8 Time

Time is an essential concept in any application, even more so in distributed ones. We have already encountered some use for it when discussing the network stack (e.g., DNS record TTL) and failure detection. Time also plays an important role in reconstructing the order of operations by logging their timestamps.

The flow of execution of a single-threaded application is easy to grasp since every operation executes sequentially in time, one after the other. But in a distributed system, there is no shared global clock that all processes agree on and can be used to order their operations. And to make matters worse, processes can run concurrently.

It’s challenging to build distributed applications that work as intended without knowing whether one operation happened before another. Can you imagine designing a TCP-like protocol without using sequence numbers to order the packets? In this chapter, we will learn about a family of clocks that can be used to work out the order of operations across processes in a distributed system.

8.1 Physical clocks

A process has access to a physical wall-time clock. The most common type is based on a vibrating quartz crystal, which is cheap but not very accurate. The device you are using to read this book is likely using such a clock. It can run slightly faster or slower than others, depending on manufacturing differences and the external temperature. The rate at which a clock runs is also called clock drift. In contrast, the difference between two clocks at a specific point in time is referred to as clock skew.

Because quartz clocks drift, they need to be synced periodically with machines that have access to higher accuracy clocks, like atomic ones. Atomic clocks measure time based on quantum-mechanical properties of atoms and are significantly more expensive than quartz clocks and are accurate to 1 second in 3 million years.

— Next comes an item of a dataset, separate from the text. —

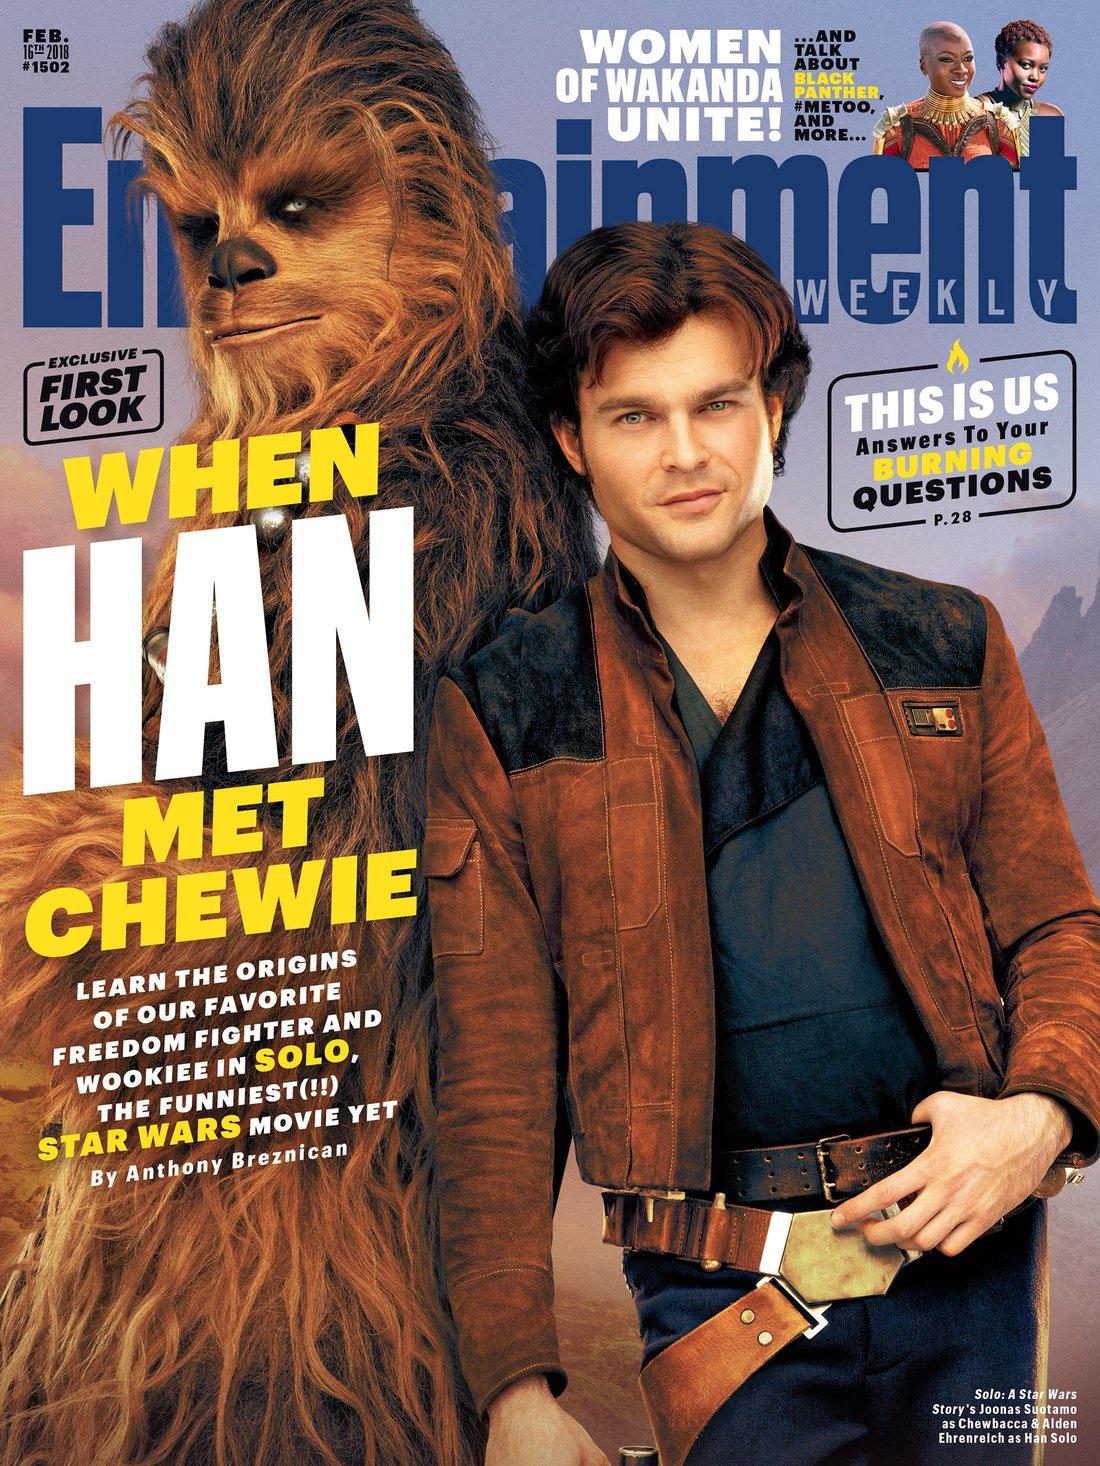 SOLO Star Wars Entertainmenet Weekly

The Network Time Protocol (NTP) is used to synchronize clocks. The challenge is to do so despite the unpredictable latencies introduced by the network. A NTP client estimates the clock skew by correcting the timestamp received by a NTP server with the estimated network latency. Armed with an estimate of the clock skew, the client can adjust its clock, causing it to jump forward or backward in time.

This creates a problem as measuring the elapsed time between two points in time becomes error-prone. For example, an operation that is executed after another could appear to have been executed before.

Luckily, most operating systems offer a different type of clock that is not affected by time jumps: the monotonic clock. A monotonic clock measures the number of seconds elapsed since an arbitrary point, like when the node started up, and can only move forward in time. A monotonic clock is useful to measure how much time elapsed between two timestamps on the same node, but timestamps of different nodes can’t be compared with each other.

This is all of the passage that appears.